## INSTRUCTIONS FOR THE TASK
Only one stretch of the data should be retyped: the lines from the line containing "The edition of February 28, 1924." through the line containing "#764 Packers Unscripted: That’s a wrap". Keep pictures out of it.

## THE DATA
--- --- ---
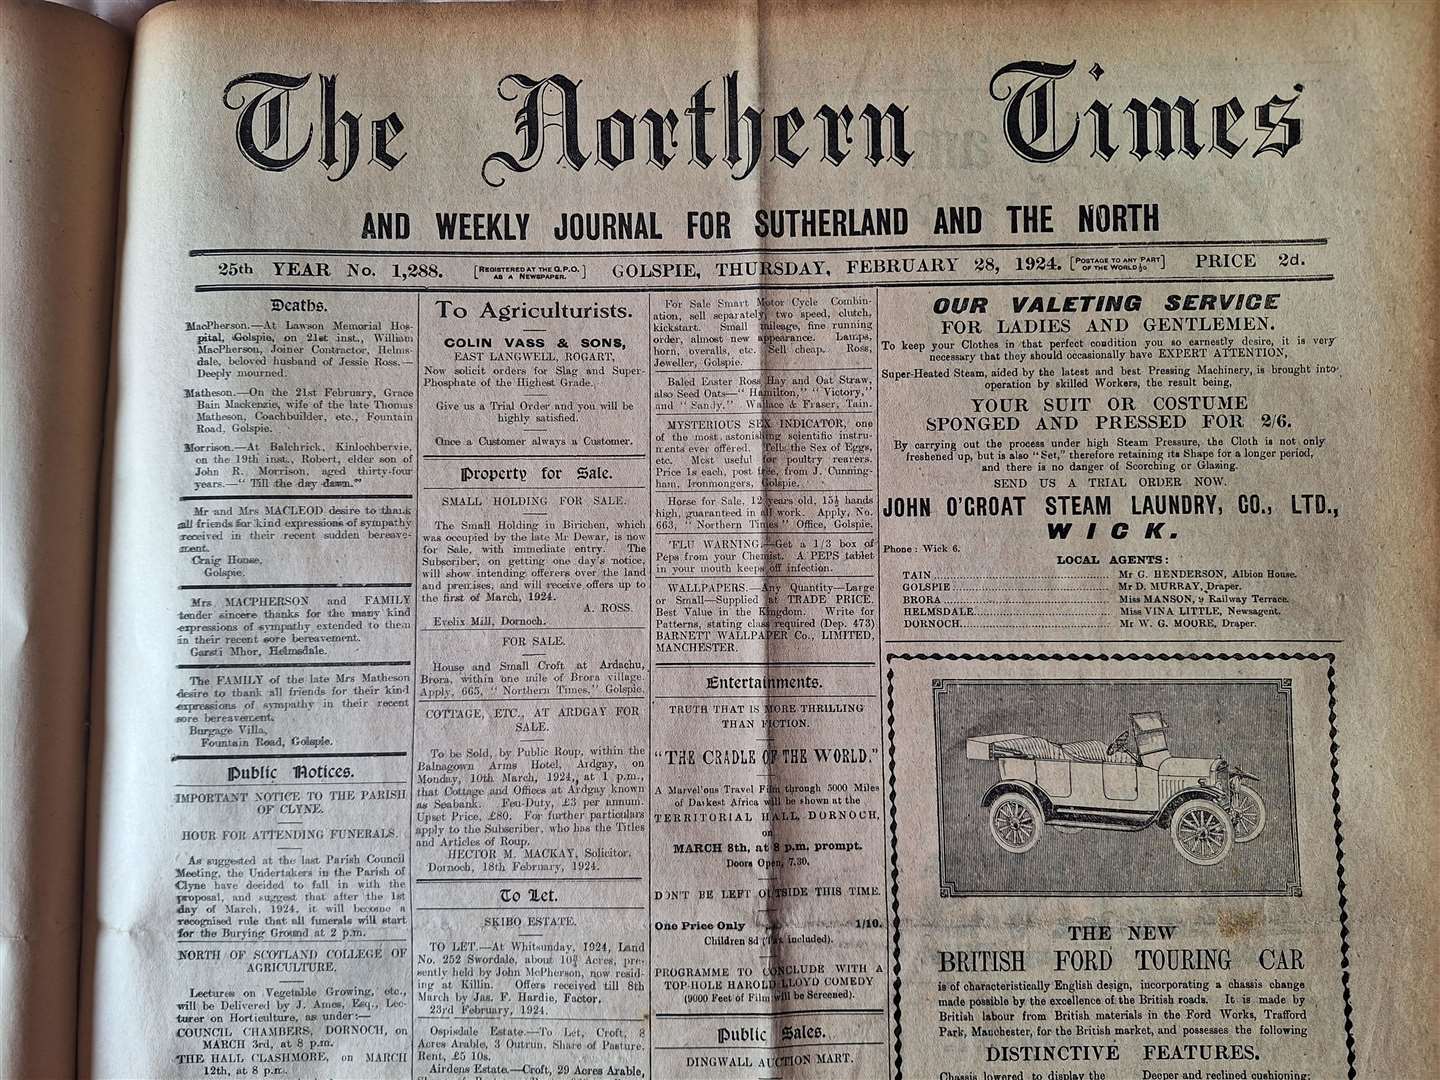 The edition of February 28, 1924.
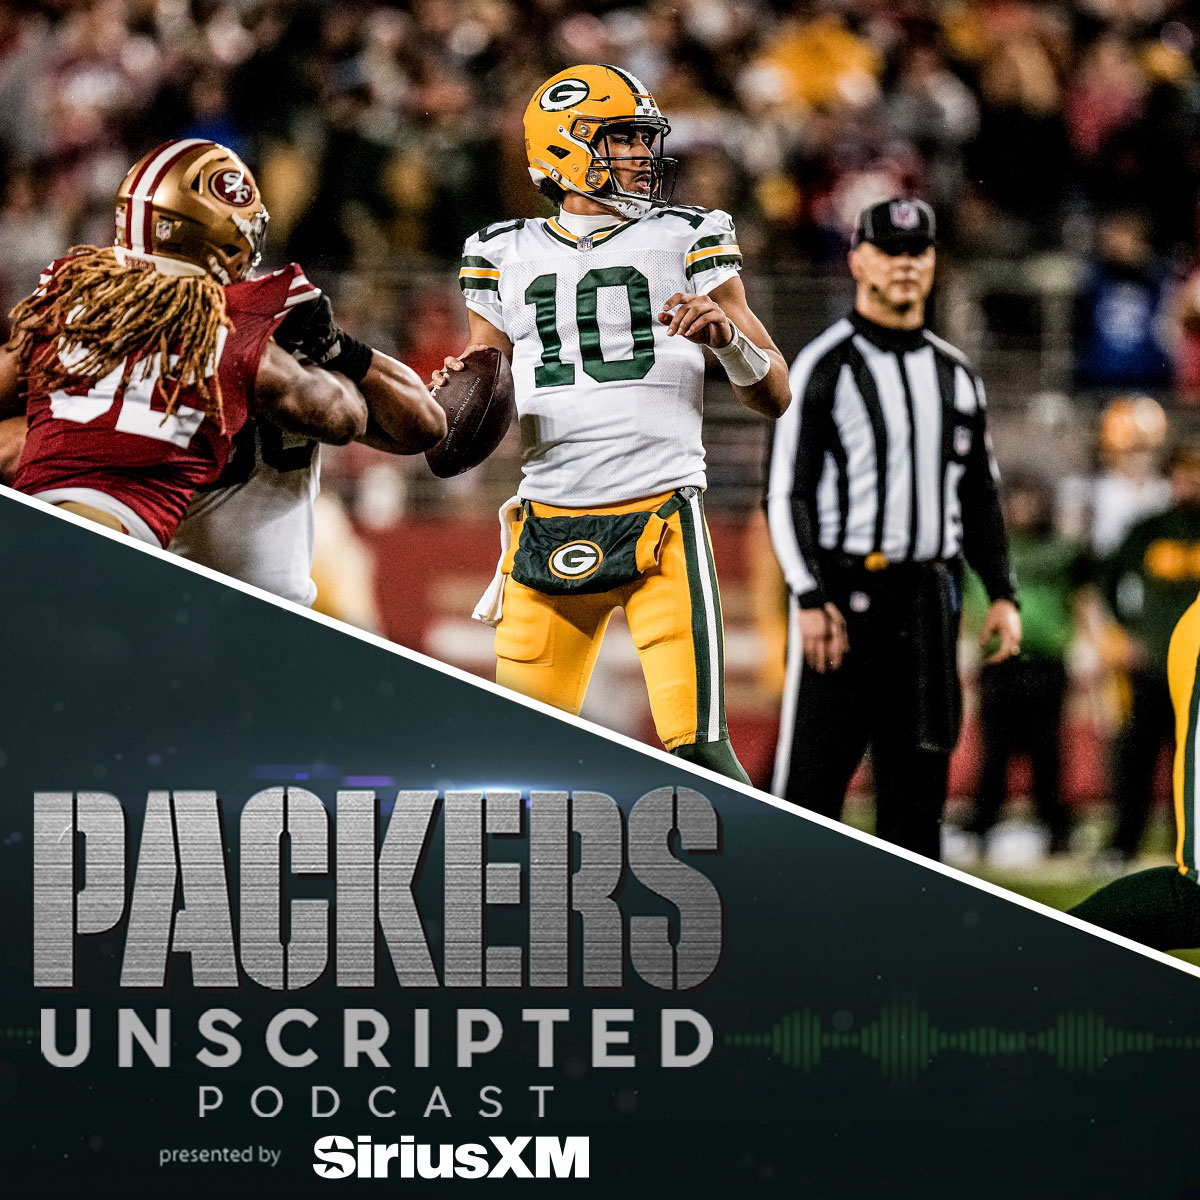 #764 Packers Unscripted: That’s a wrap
--- --- ---
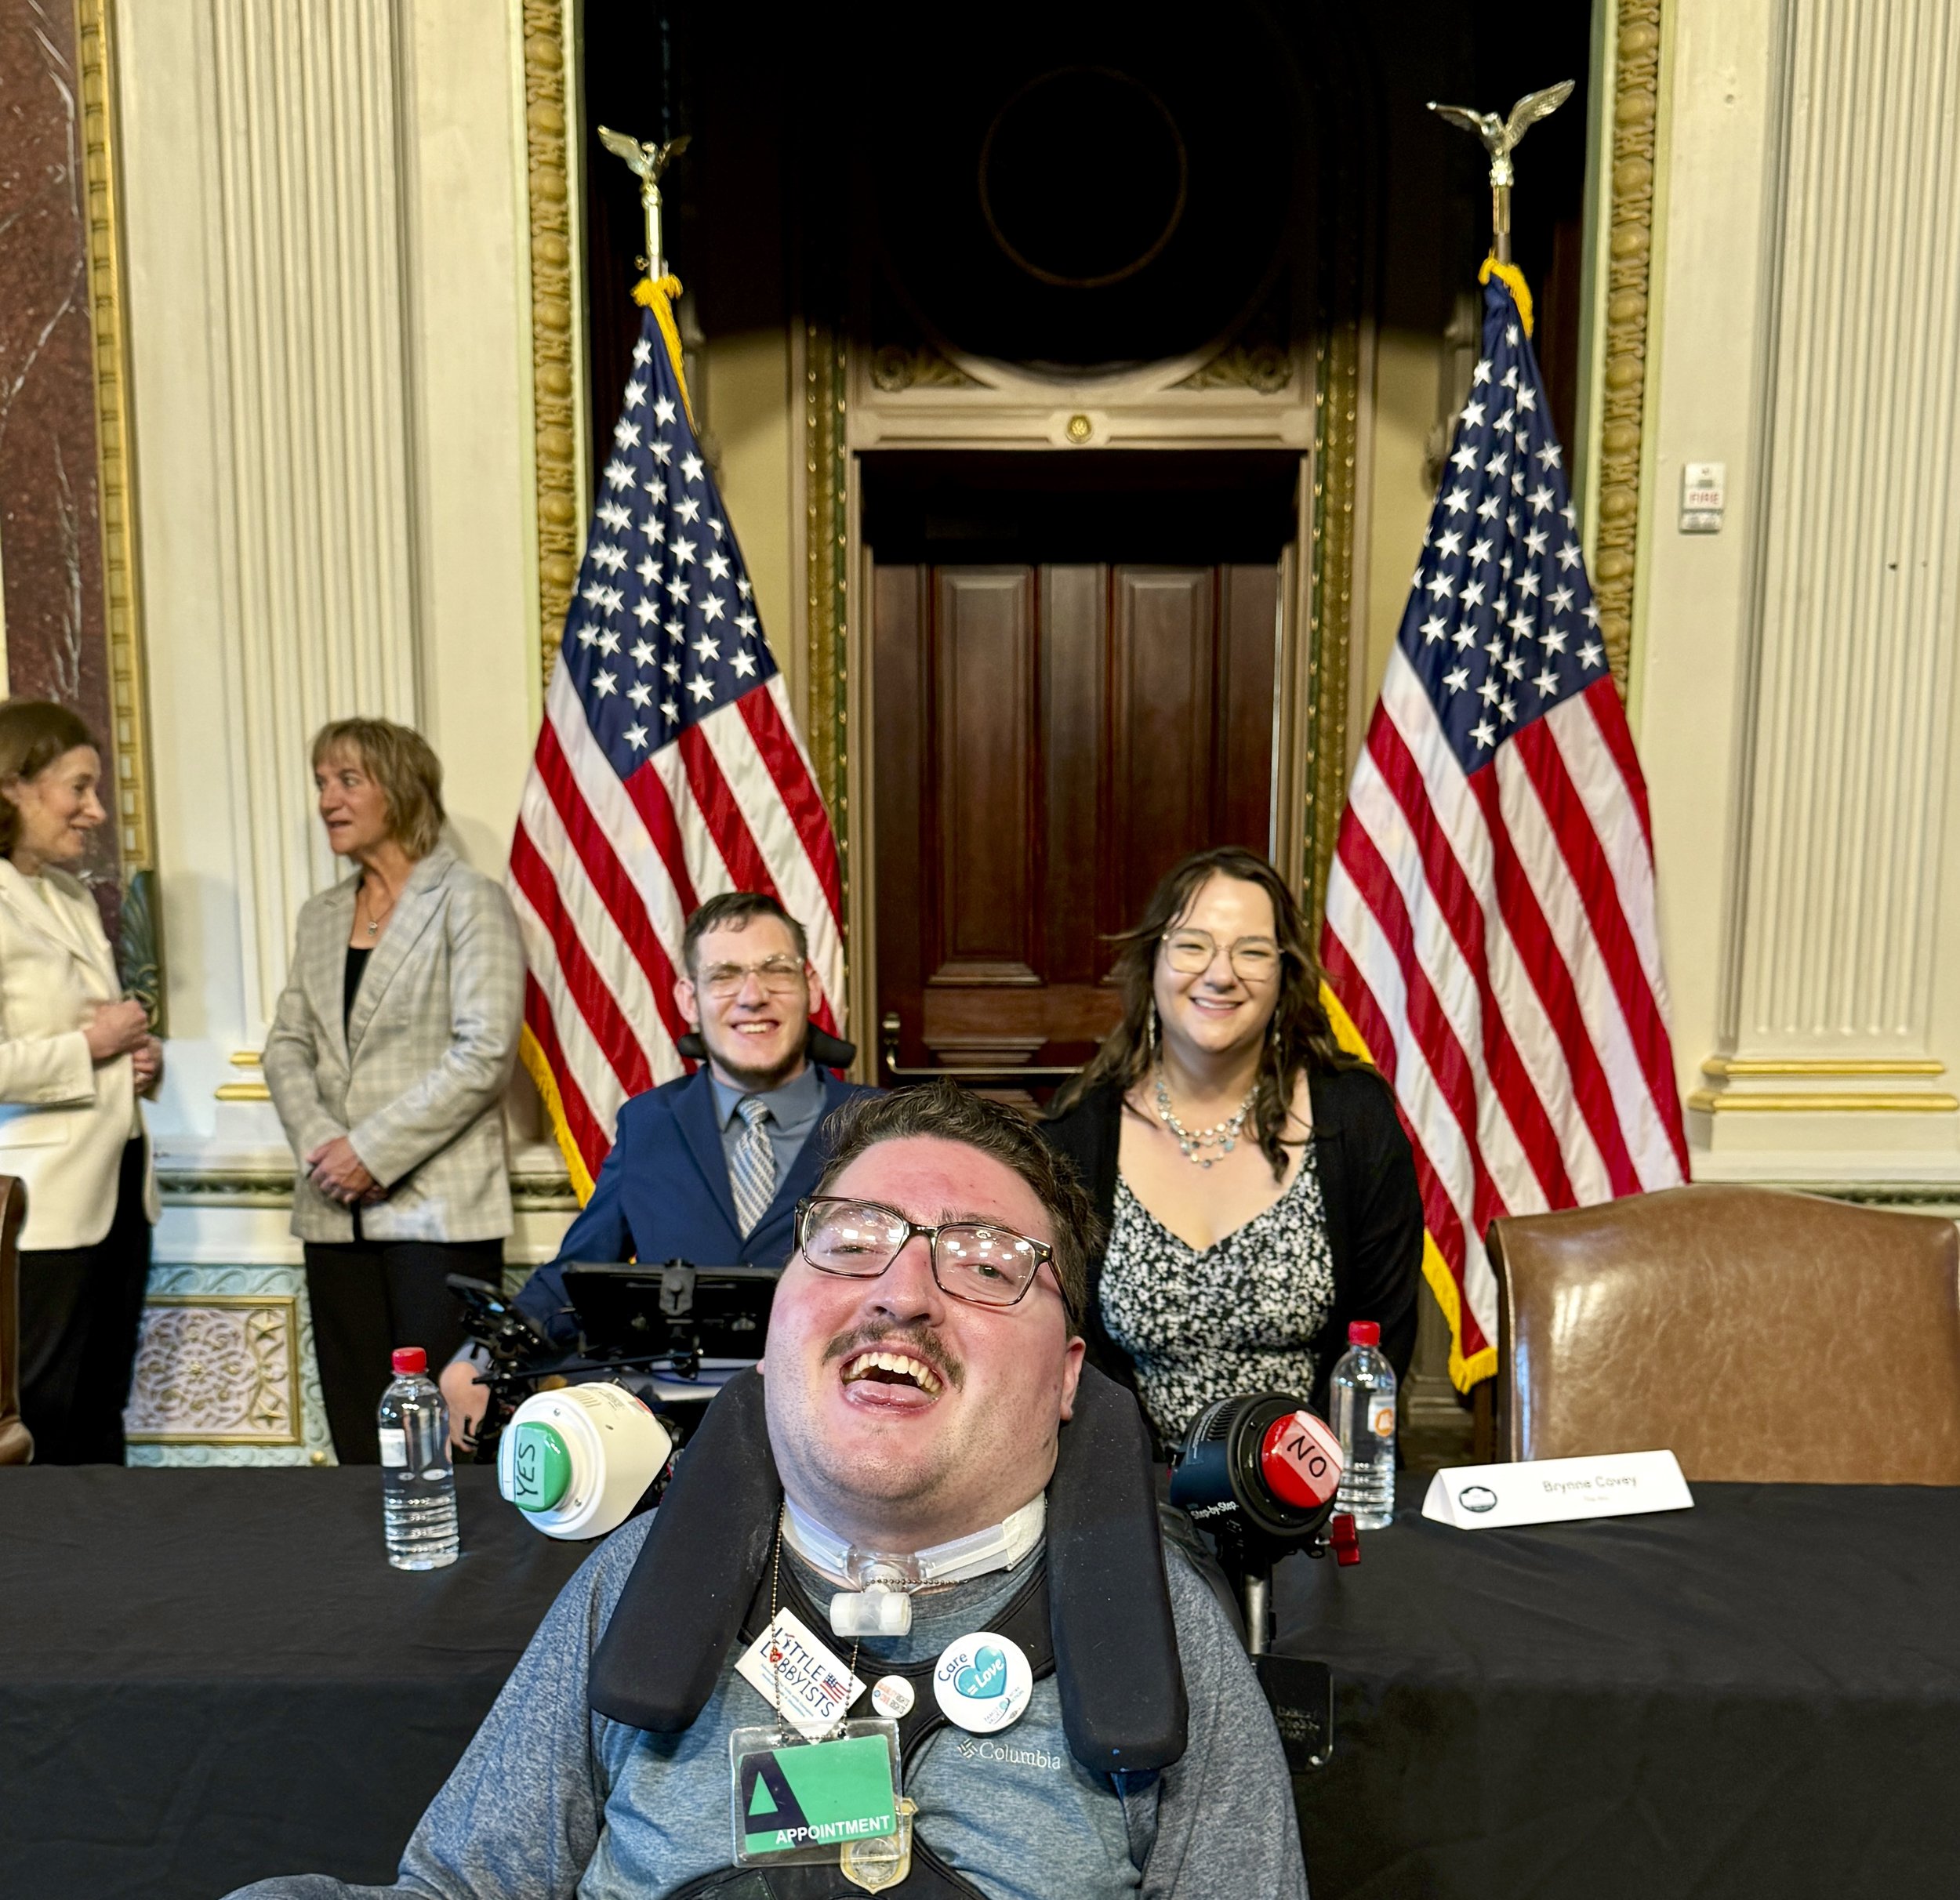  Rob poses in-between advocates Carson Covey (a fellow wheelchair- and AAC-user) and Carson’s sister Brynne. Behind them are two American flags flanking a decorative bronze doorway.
--- --- ---
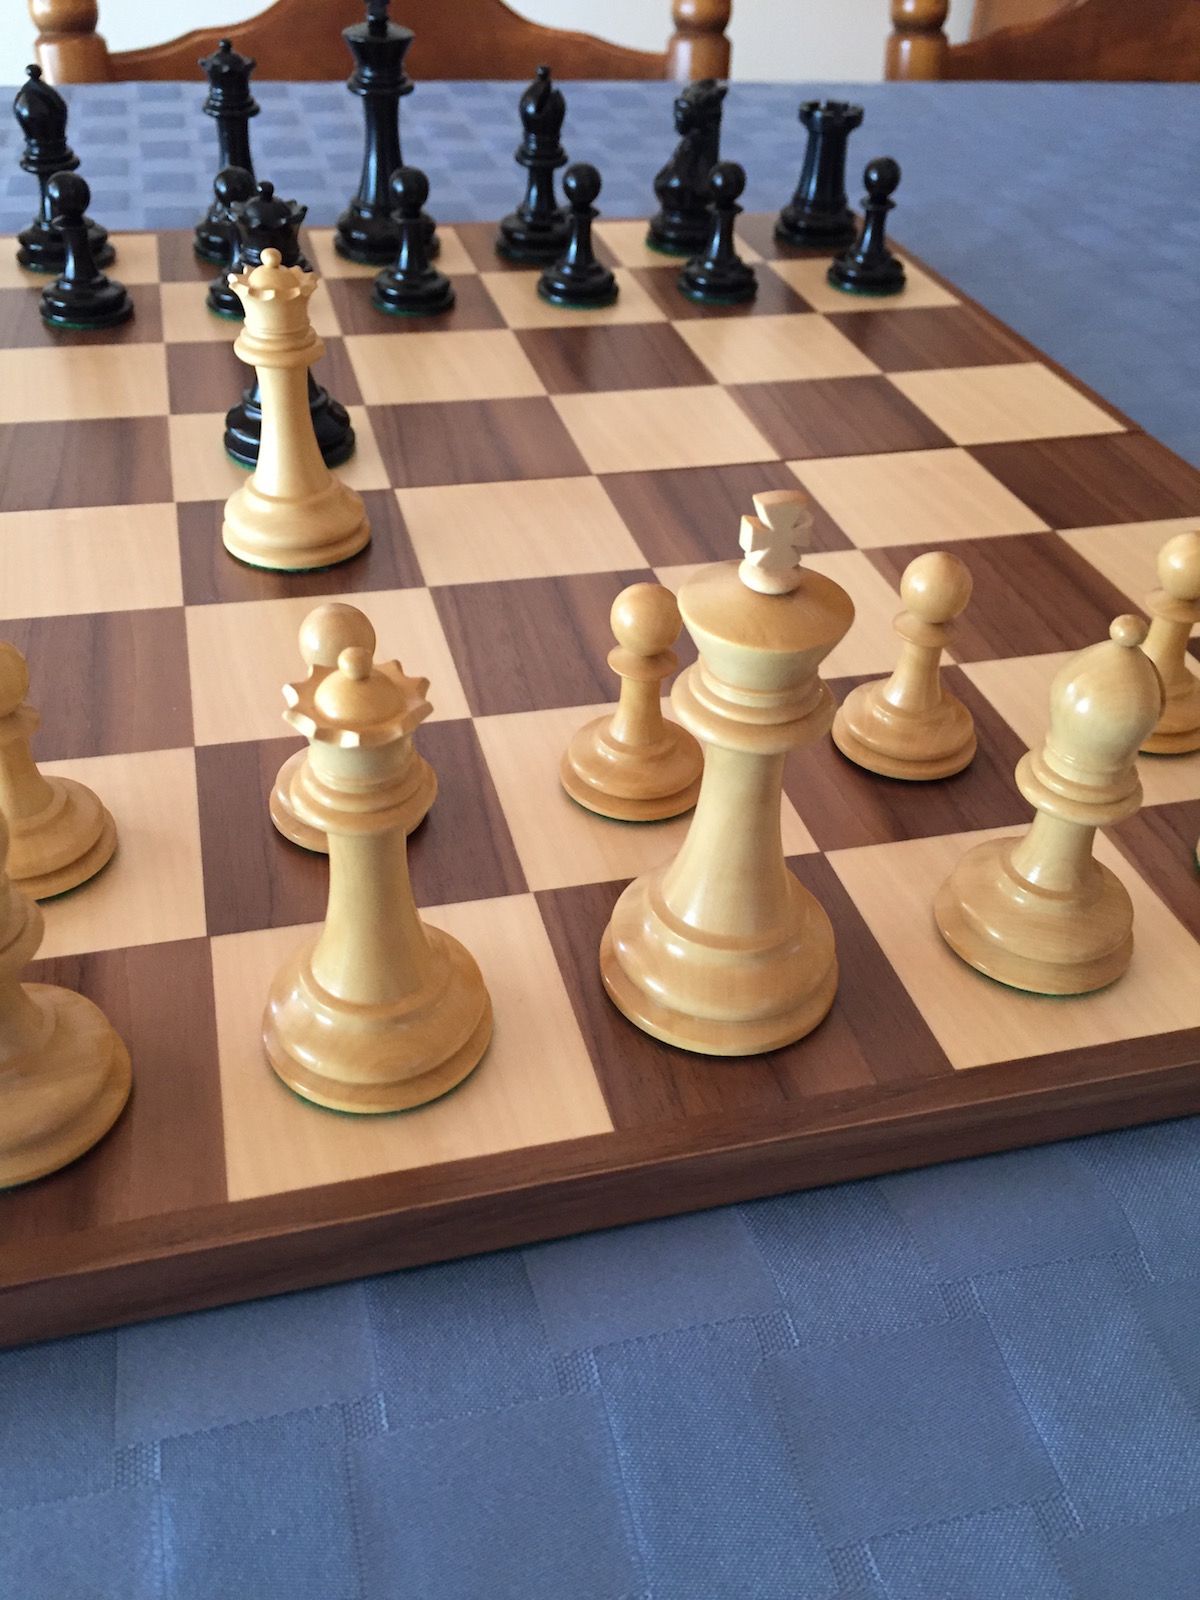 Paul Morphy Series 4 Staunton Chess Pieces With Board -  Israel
--- --- ---
## ANSWER TO THE EXERCISE
 The edition of February 28, 1924.
 #764 Packers Unscripted: That’s a wrap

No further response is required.